Thanks for the compliment. The former follow-up interpreted my words as a
/personal/ grand plan that's intended to infiltrate people's privacy. That
was clearly a misleading misinterpretation.


>> As we all (should) begin to realise, data and software are
>> migrating to the Web so no more will we need to handle things locally,
>> i.e. on/from our hard-drives.
> 
> Can't say I agree with that, for a whole host of reasons.
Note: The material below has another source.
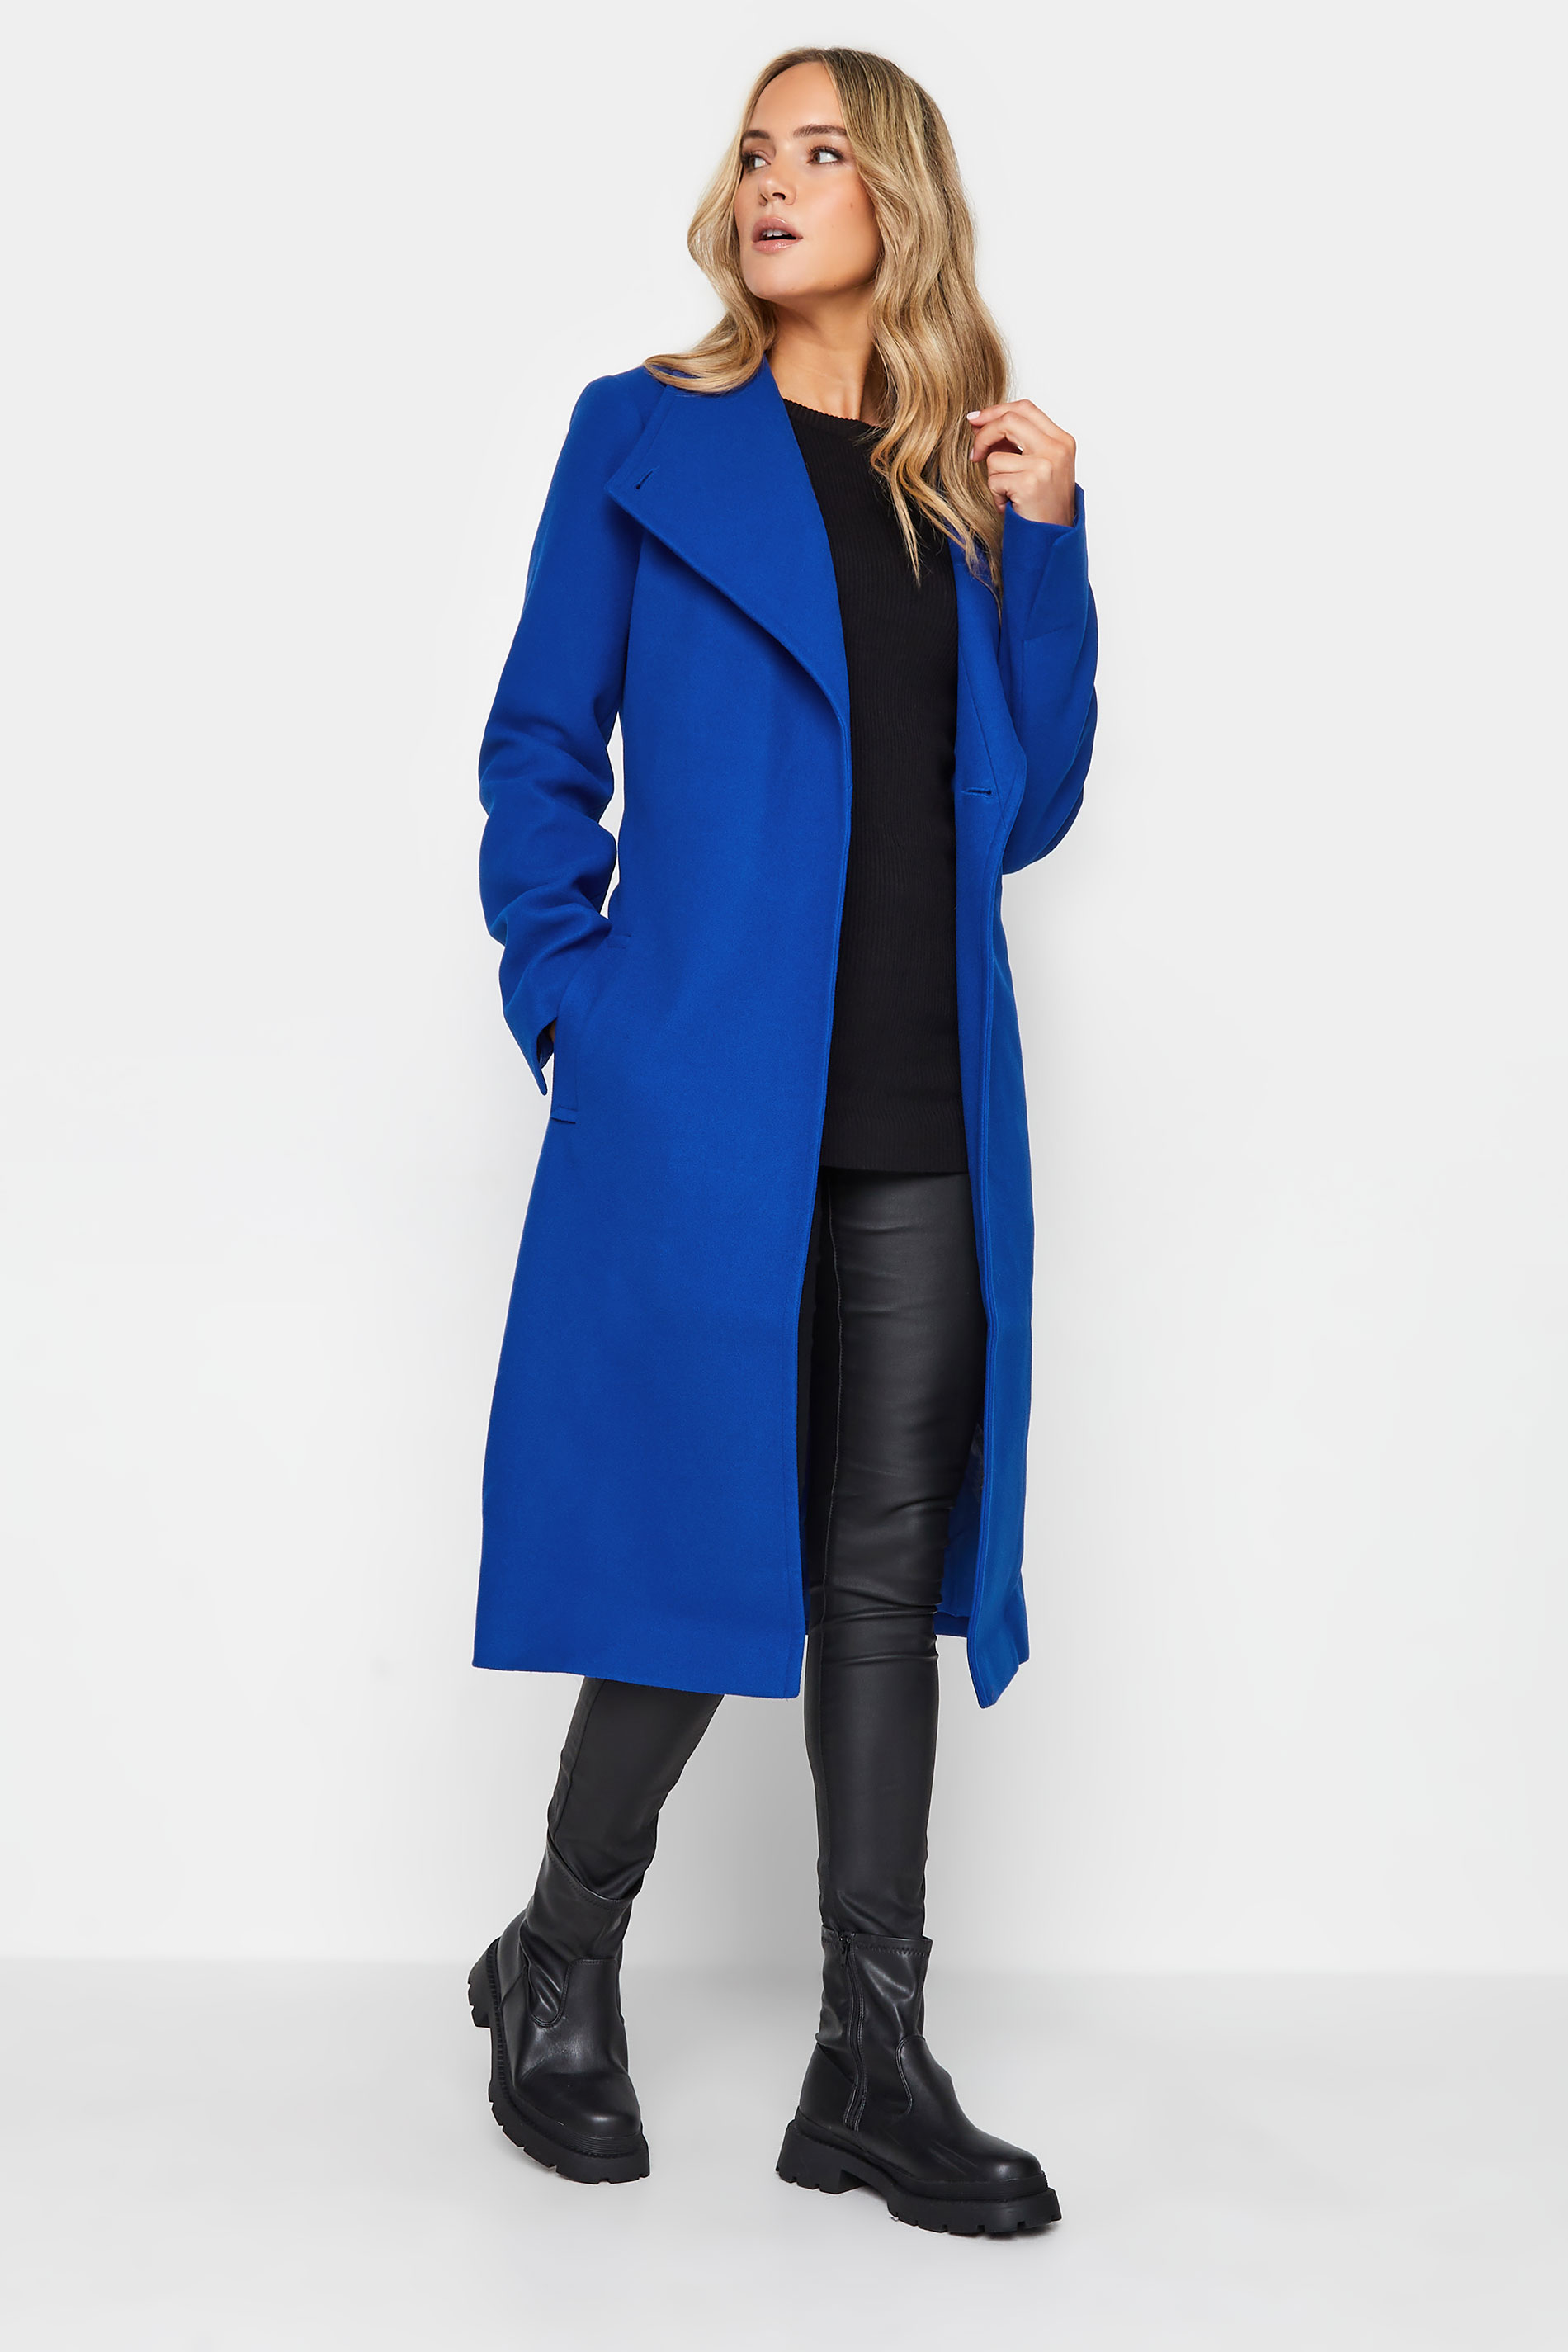 LTS Tall Women's Cobalt Blue Belted Coat | Long Tall Sally 2

That'll probably be a major battleground for the desktop giant and the
alliance of Web giants.


>> Web 2.0 also comes to mind, but it's not related
>> directly to search engines. Now, here's a crazy thought...
> 
> The way I see it (if I understand you correctly) is that the real
> problem is that computers cannot understand complex linguistic
> constructs ('natural language query'), nor human behavioral patterns
> ('who i am' in a purely deterministic way) in any kind of meaningful
> way, you're assuming that more processing power would solve that, but
> I'd argue that its not computationally possible because there are too
> many gaps in behaviour and communication that the human brain ignores.


Practically, it is more viable than most people imagine. Translating
sentences to first order logic is not too hard a task and in excess of
training data/input you can compensate for abundance of complex natural
language. In my days as a computer science student, we actually wrote some
programs to scan text and translate it to logic, predominantly using
compiler technologies. Issues then become languages, homonyms, synonyms,
subtle meanings and cultural factors.

Also remember that we transform into a _semantic_ Web so it contains more
information than we see. What about XFN, for example? Look at the
implication of links on ranks, reliability and relevancy.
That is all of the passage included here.